I think the problem is on the assignment of the timestamp. I think that the assignAscendingTimestamp on the two sources is not the right function.

The json produced by the kafka producer has a field data.timestamp that should be assigned as the timestamp. But I don't know how to manage that.

I also thought that i should have to give a time window batch (as in spark) to the incoming tuples. But I'm not sure this is the right solution.


Solution

  • I think your code needs just some minor adjustments.
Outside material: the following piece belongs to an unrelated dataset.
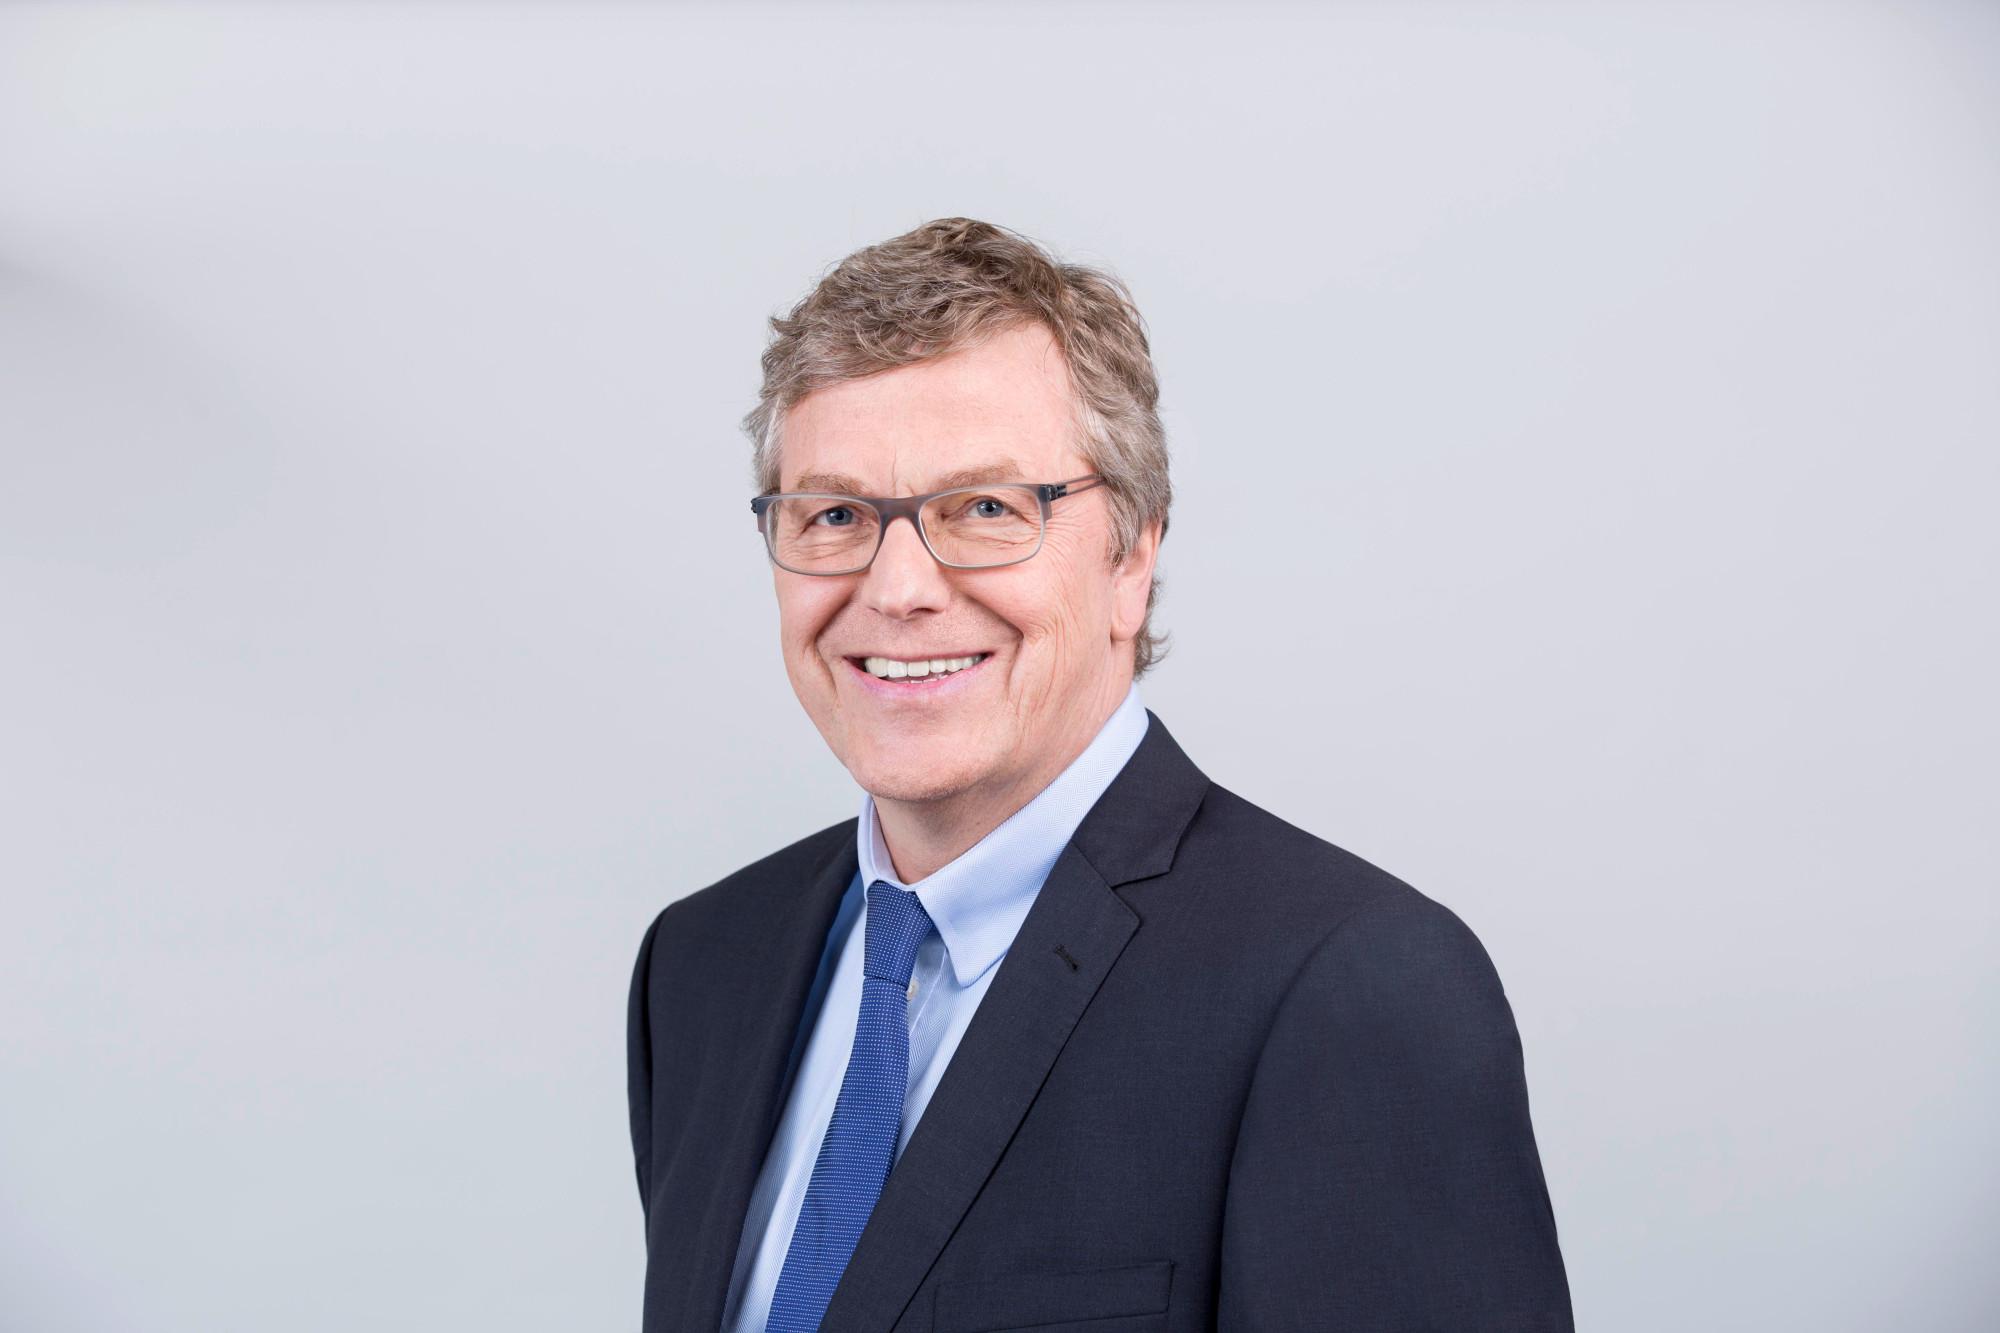 Erhard Wienkamp (Foto: Messe Düsseldorf/Constanze Tillmann)

First of all as you want to work in EventTime you should set appropriate TimeCharacteristic

    env.setStreamTimeCharacteristic(TimeCharacteristic.EventTime);
    

    Also your code that you pasted is missing a sink for the stream. If you want to print to console you should:

    j1pre.print
    

    The rest of your code seems fine.